При сравнительной оценке методов получения суммарной РНК установлено, что применение фенола позволяет получать большие количества суммарной РІЖ. Однако при синтезе кДНК и постановке ПЦР нуклеиновую кислоту приходится разводить в десятки раз, чтобы избежать ингибирования реакции. При выделении РНК на сорбенте убираются ингибиторы реакции и количество получаемого материала для проведения дальнейшей работы получается стандартным. Поэтому в дальнейшей работе мы использовали при выделении РНК этот метод.

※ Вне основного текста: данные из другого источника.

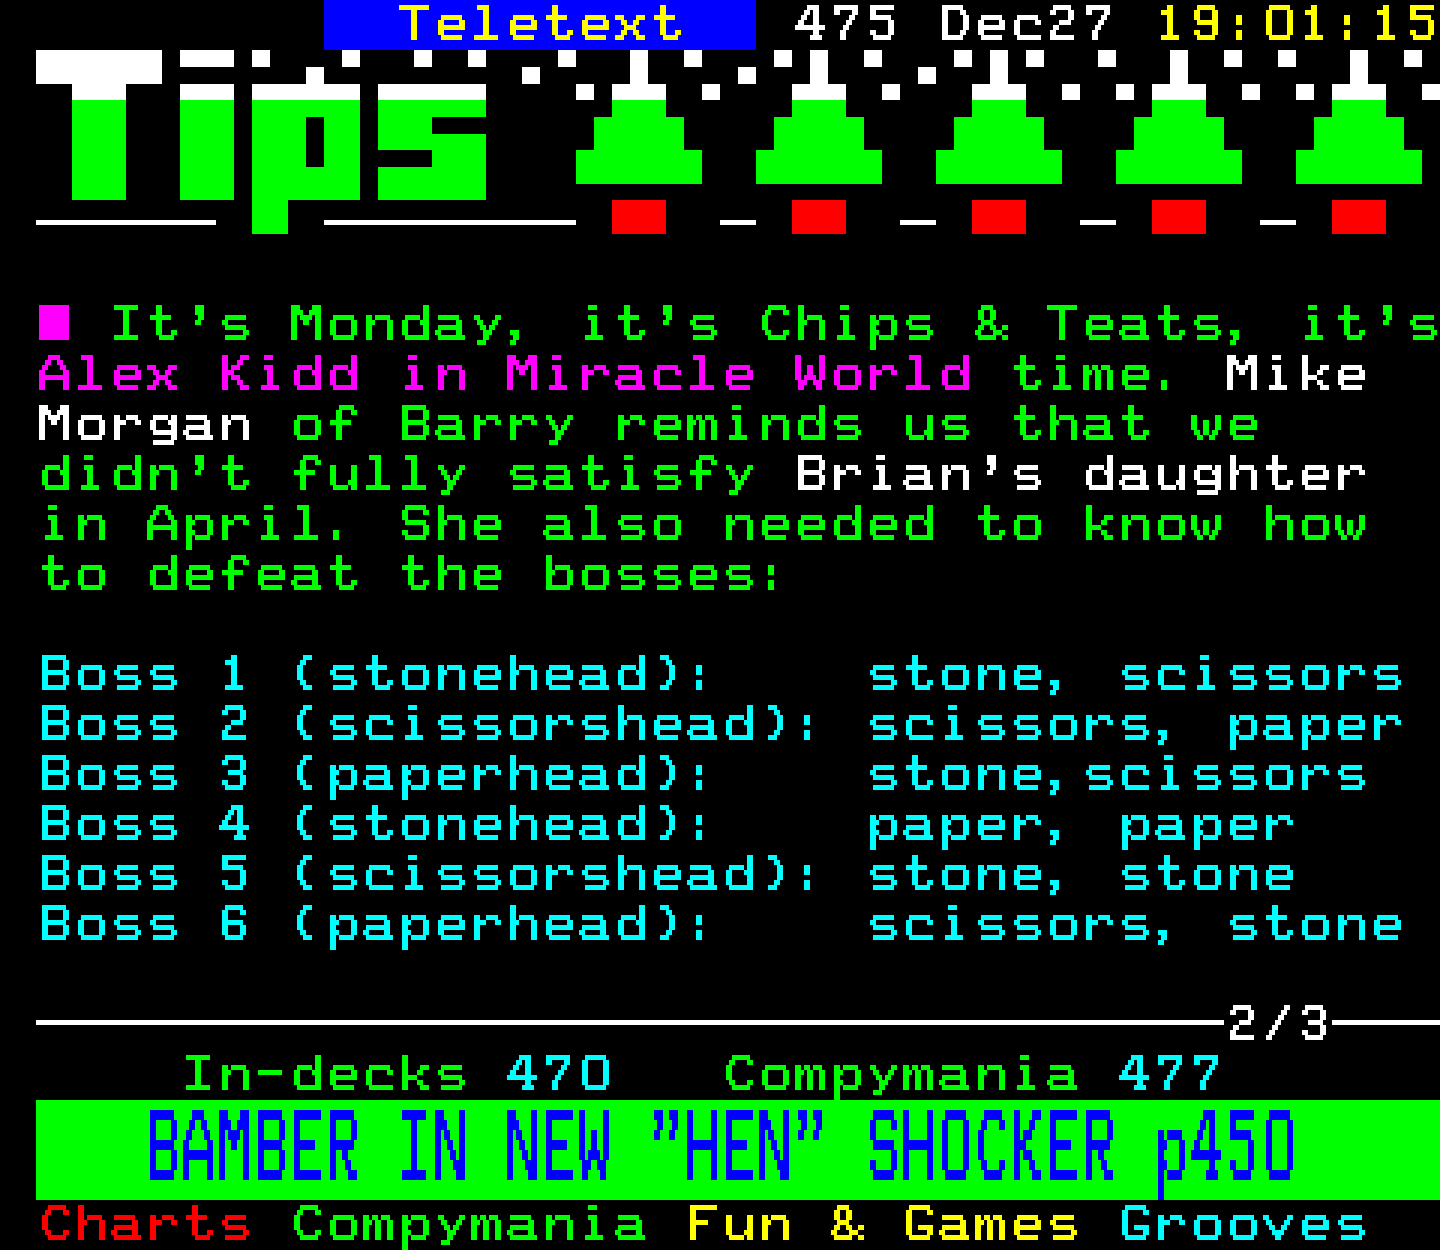 Digitiser, Teletext - 1993
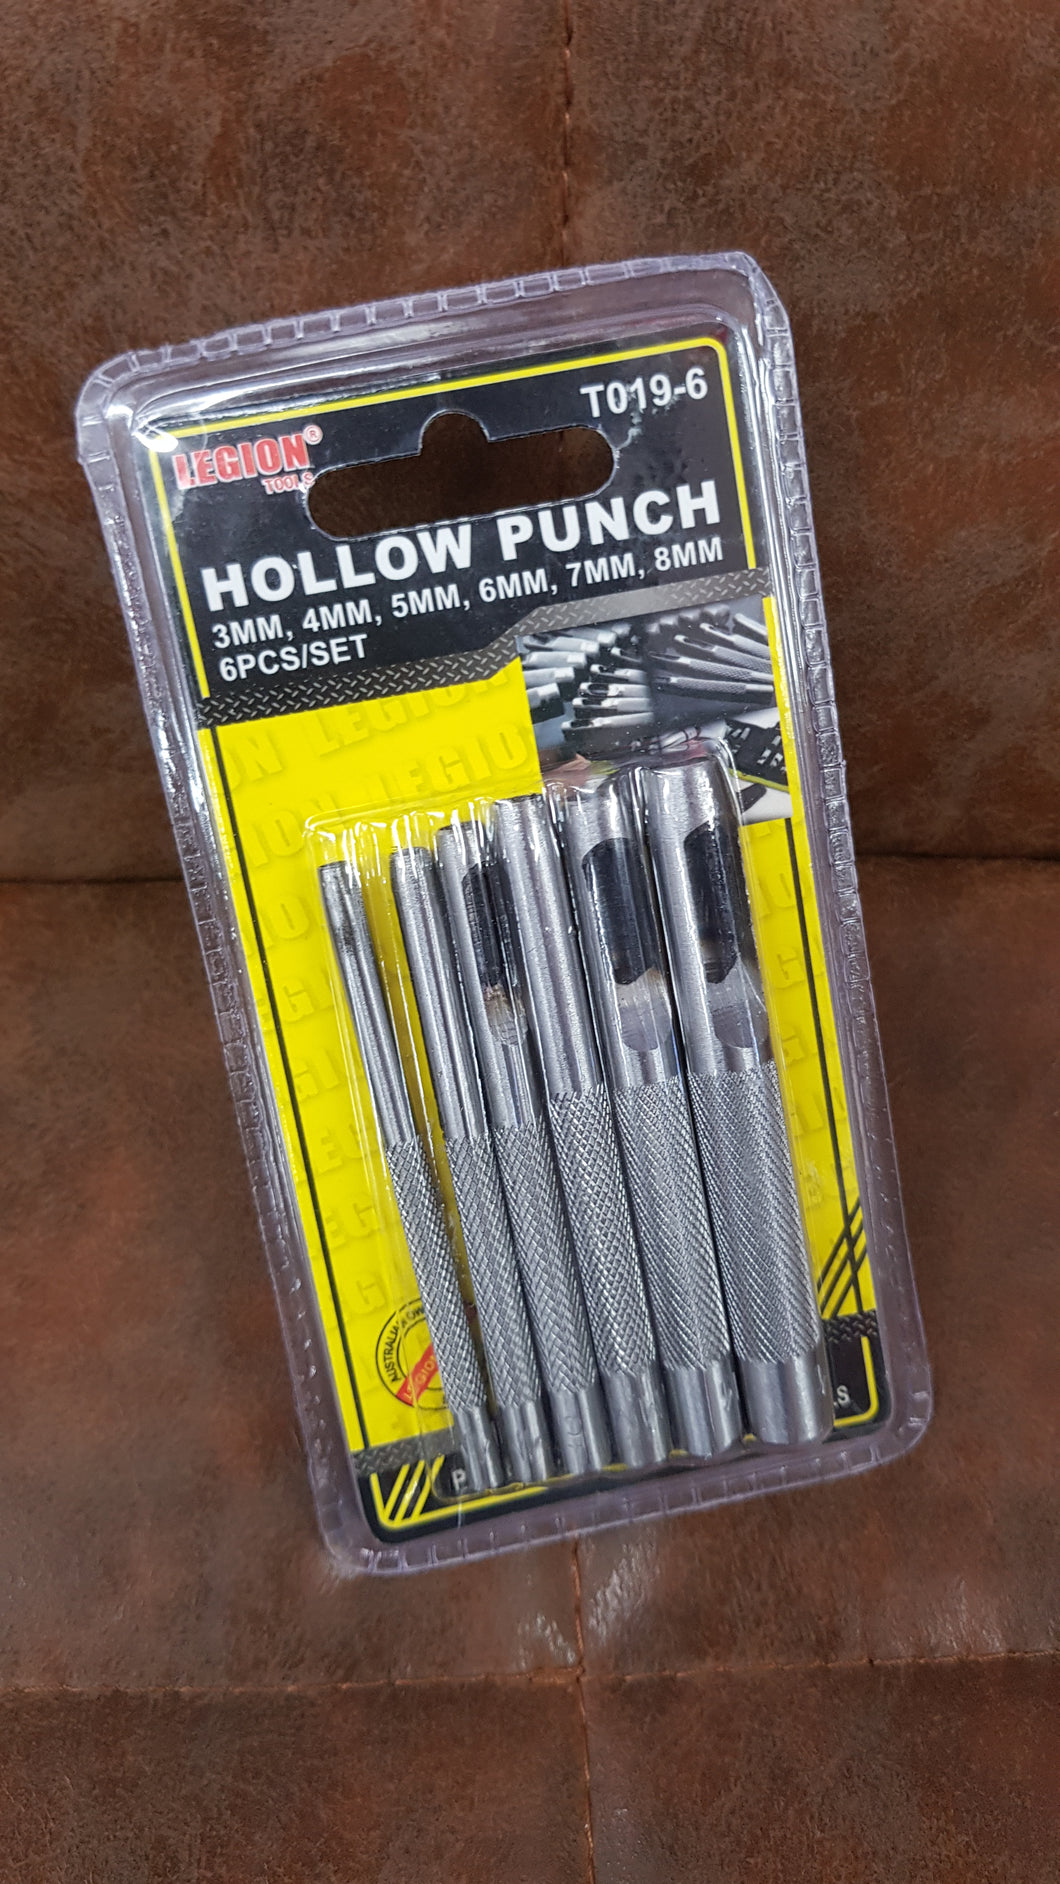 Hollow punch 6pcs set

При выделении суммарной РНК из проб органов инфицированных рыб установлено, что для диагностических исследований лучше всего использовать почки и селезенку, так как эти органы в первую очередь поражаются возбудителем ВГС рыб.

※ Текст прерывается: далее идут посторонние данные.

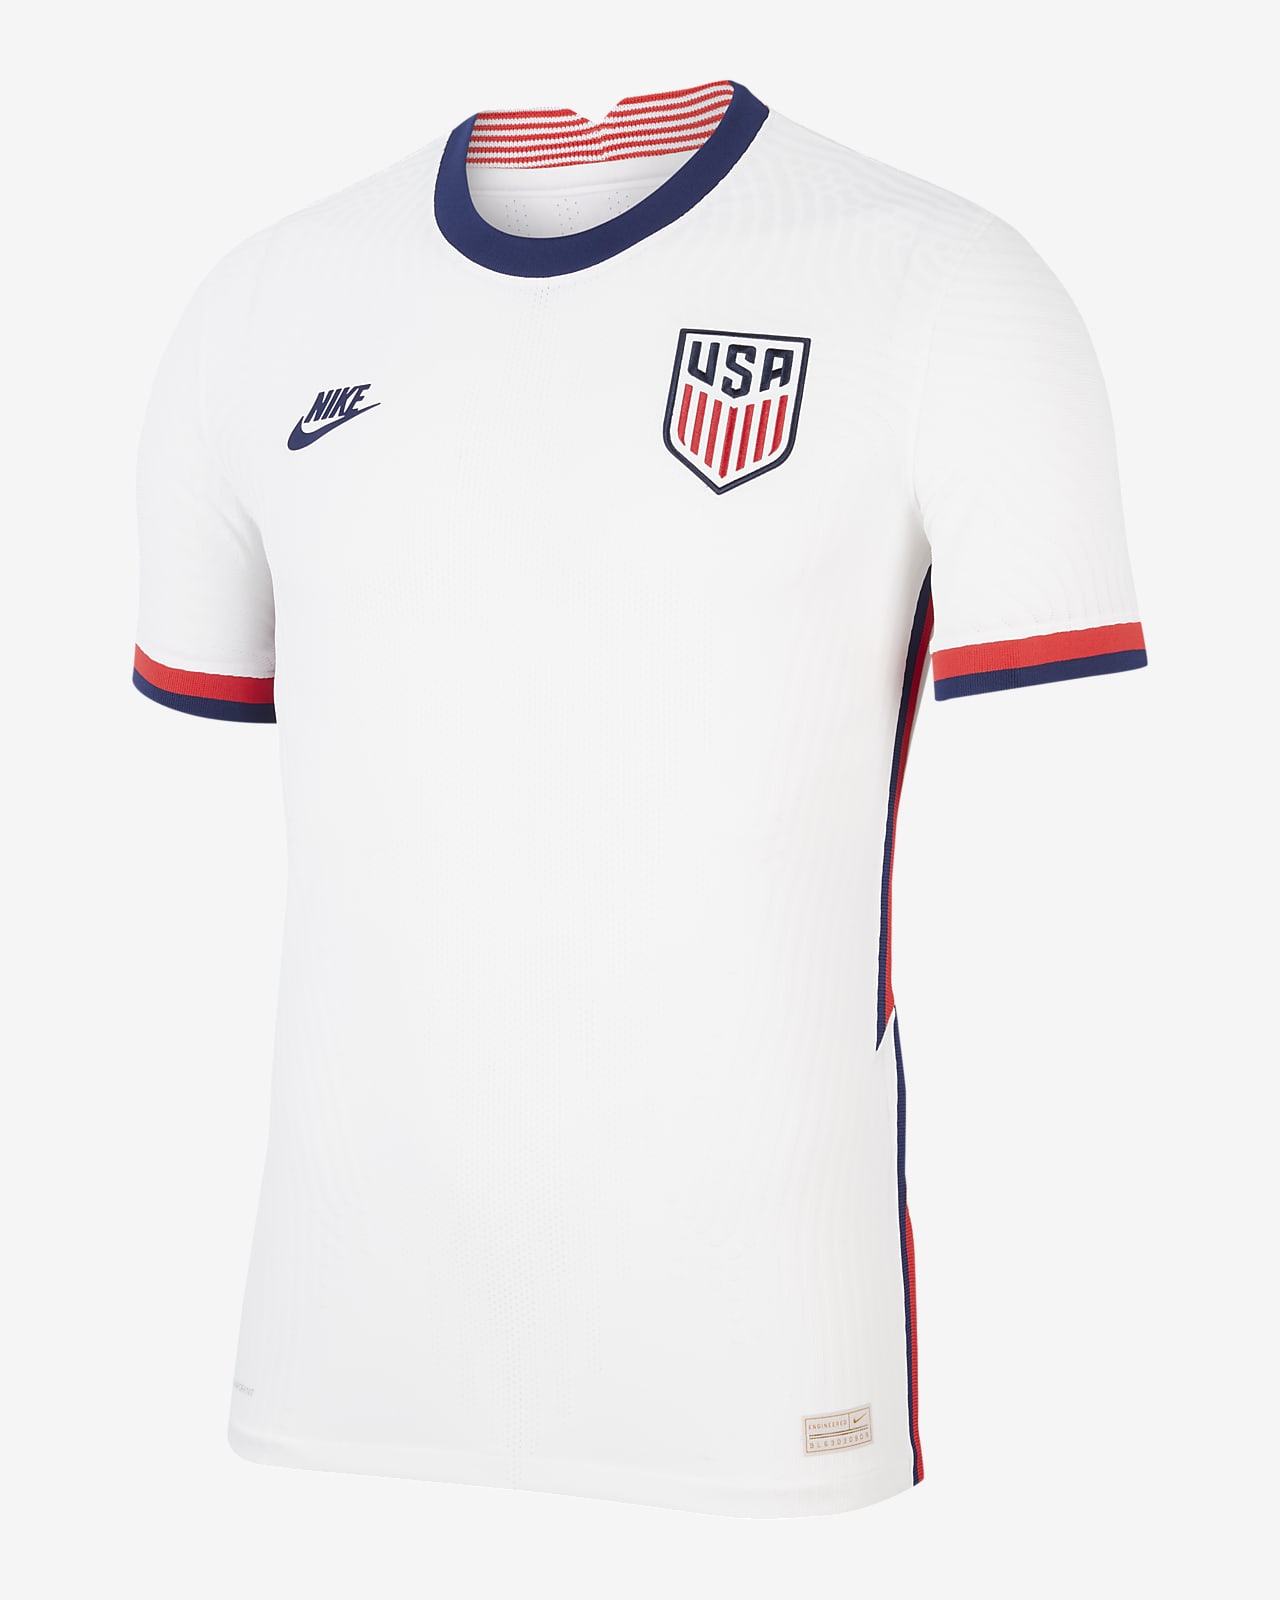 U.S. 2020 Vapor Match Home Men's Soccer Jersey

Возбудитель ВГС рыб также выявлен во всех органах и тканях инфицированных рыб, поэтому в качестве исходного материала для выявления вирусной геморрагической септицемии рыб был также использован общий пул органного материла, а также жабры и жаберные крышки. С этой целью органный материал взвешивали, размельчали и гомогенизировали в lxSTE буфере (рН 7,6) в отношении 1:9. 4.2.2. Подбор праймеров
Для разработки набора препаратов для идентификации возбудителя вирусной геморрагической септицемии рыб методом полимеразной цепной реакции необходимо было определить участок генома, структура которого с— одной стороны была бы достаточно вариабельной для надежной дифференциации данного вируса от других представителей рода Novirhabdovirus, а с другой стороны являлась бы достаточно консервативной, чтобы фиксировать структурные изменения и существенные этапы генетической модификации вируса, обусловленные различными селективными факторами.
Подбор праймеров осуществляли на основе анализа нуклеотидных последовательностей возбудителя вирусной геморрагической септицемии рыб, имеющихся в генбанке. Нуклеотидные последовательности генов, кодирующих нуклеопротеин и гликопротеин, были проанализированы с помощью компьютерной программы «BioEdit». При ее помощи были найдены 100% гомологичные участки в последовательностях данных генов, на которые были рассчитаны олигонкулеотиды при помощи другой компьютерной программы «OLIGO 6.0». Праймеры были оптимизированы таким образом, чтобы обеспечить комплементарное взаимодействие с возможно большим количеством матриц, принадлежащих всем представителям рода Novirhabdovirus семейства Rhabdoviridae. Локализация праймеров на геноме и расчетные длины специфических продуктов ПЦР приводятся на рис. 4.4.